What is the ratio of average kinetic energy for hydrogen and helium molecules, if helium is twice as massive?

1 Answer
Jul 27, 2017

Irrespective of their molar masses, #"He"# ATOM has approximately #60%# the average molar kinetic energy that #"H"_2# MOLECULE does at #25^@ "C"# and #"1 atm"#.

If you do not quite follow what it means to be at the high temperature limit, this answer may also help.


Well, I assume you mean only #"He"# is an atom, and not a molecule... #"He"# is an atom, and #"H"_2# is a molecule. Only then is one's molar mass twice that of the other.

  • As an atom, #"He"# can only translate, i.e. shoot forward and backwards via cartesian degrees of freedom, having only translational average kinetic energy #K_("trans")#.
  • #"H"_2# can vibrate, at vibrational frequency #omega ~~ "4394.49 cm"^(-1)#. #"H"_2# can also rotate, with #2# degrees of freedom (#theta,phi# in spherical coordinates).

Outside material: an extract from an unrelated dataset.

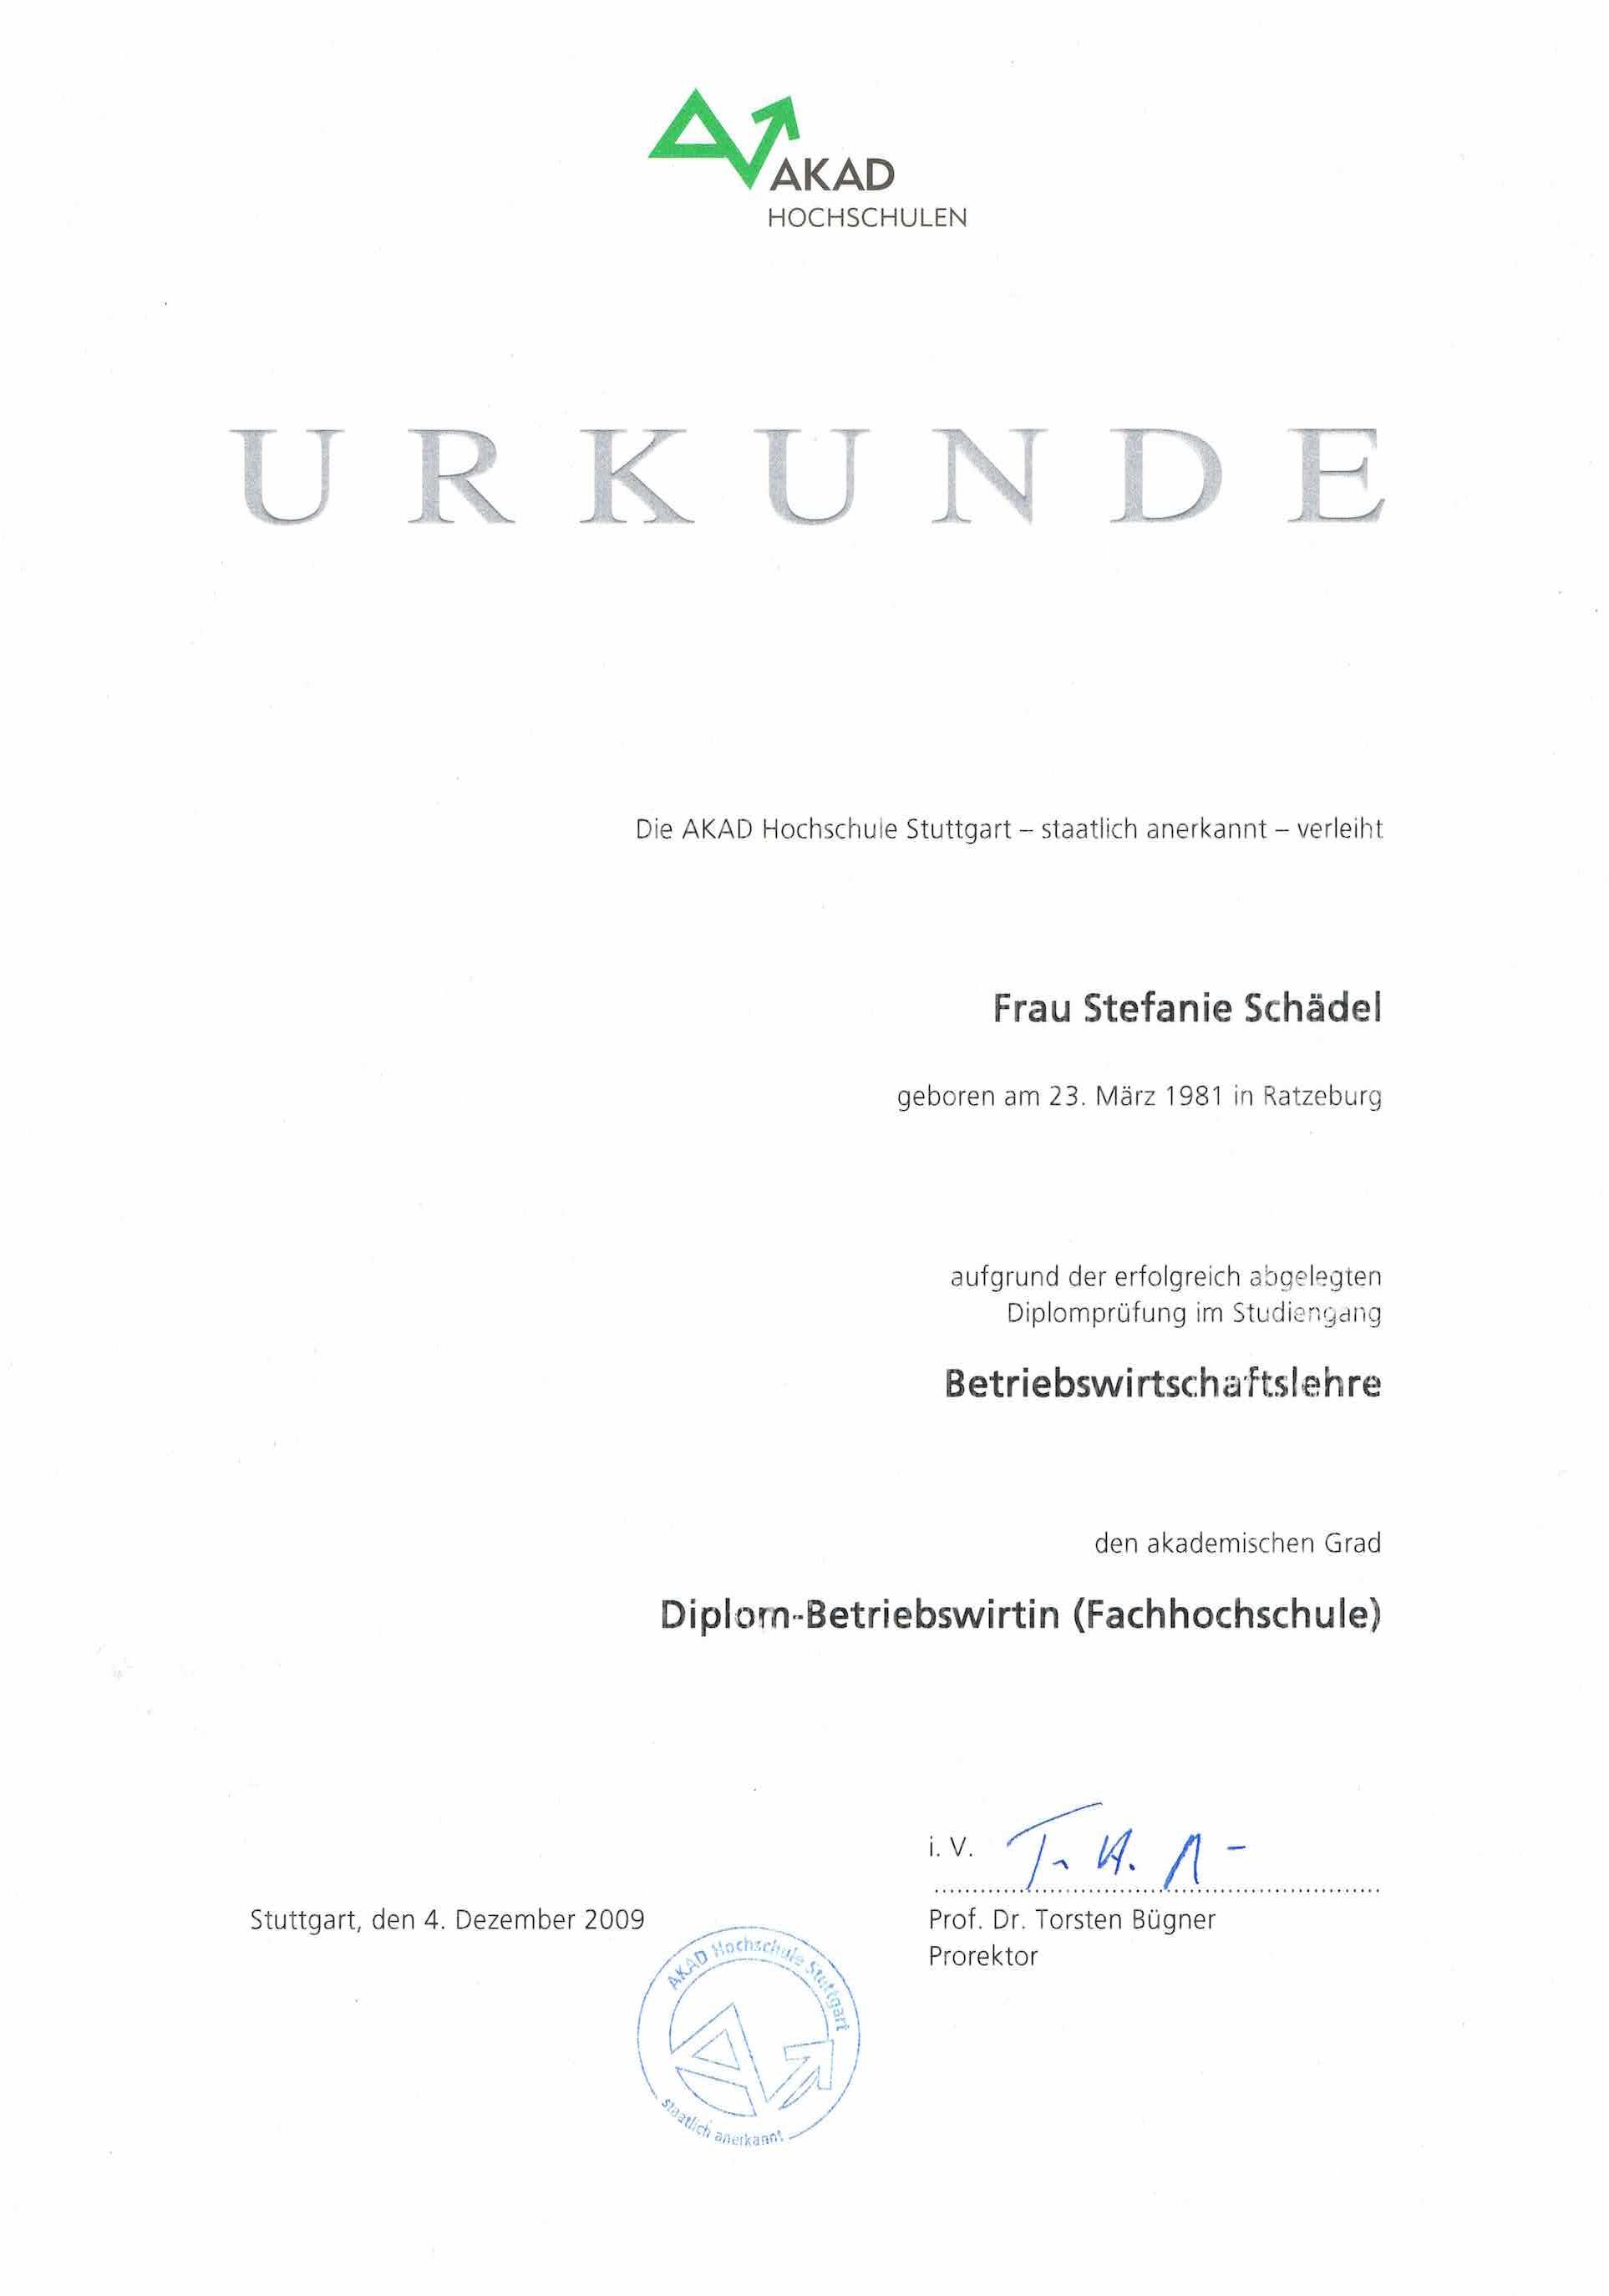 Diplom-Betriebswirtin FH

We honestly don't care about their molar masses, because they don't make a difference here. The average molar kinetic energy according to the equipartition theorem is:

#<< kappa >> ~~ K_(avg)/n = N/2 RT#,

where:

  • #N# is the number of degrees of freedom (DOFs) for a particular type of motion (translational, rotational, and vibrational are the most important).
  • #R# and #T# are known from the ideal gas law.

This theorem applies at the so-called high temperature limit, where the energy level spacings of each kind of motion (translational, rotational, vibrational) are much smaller than #k_B T# where #k_B# is the Boltzmann constant.

  • This (pretty much) always applies for translational DOFs.
  • This usually applies for rotational DOFs, except for molecules with particularly low moments of inertia. This applies for #"H"_2# with no problem (for #"H"_2#, it would be a problem below approximately #"88 K"#).
  • For vibrational DOFs, given the high vibrational frequency of #"H"_2#, we can safely say that ignoring the vibrational DOFs of #"H"_2# is more accurate than including them.

We can break up the kinetic energy into translational and rotational parts, then, to a good approximation:

#<< kappa >> ~~ << kappa >>_"trans" + << kappa >>_"rot"#, for #"H"_2#

For #"He"#, #<< kappa >>_"rot" ~~ 0#, because atoms cannot rotate and turn out to look any different under the hard sphere approximation.

So, the ratio of the average kinetic energies is:

#color(blue)((<< kappa >>_("H"_2))/(<< kappa >>_("He"))) = (<< kappa >>_("H"_2, "trans") + << kappa >>_("H"_2, "rot"))/(<< kappa >>_("He","trans"))#

#= (3/2 RT + 2/2 RT)/(3/2 RT)#

#= 5/2 xx 2/3 = color(blue)(5/3)#

So, on average, according to the equipartition theorem at high enough temperatures, an ensemble of #"H"_2# molecules will have #bb(1.67)# times the kinetic energy of an analogous ensemble of #"He"# atoms.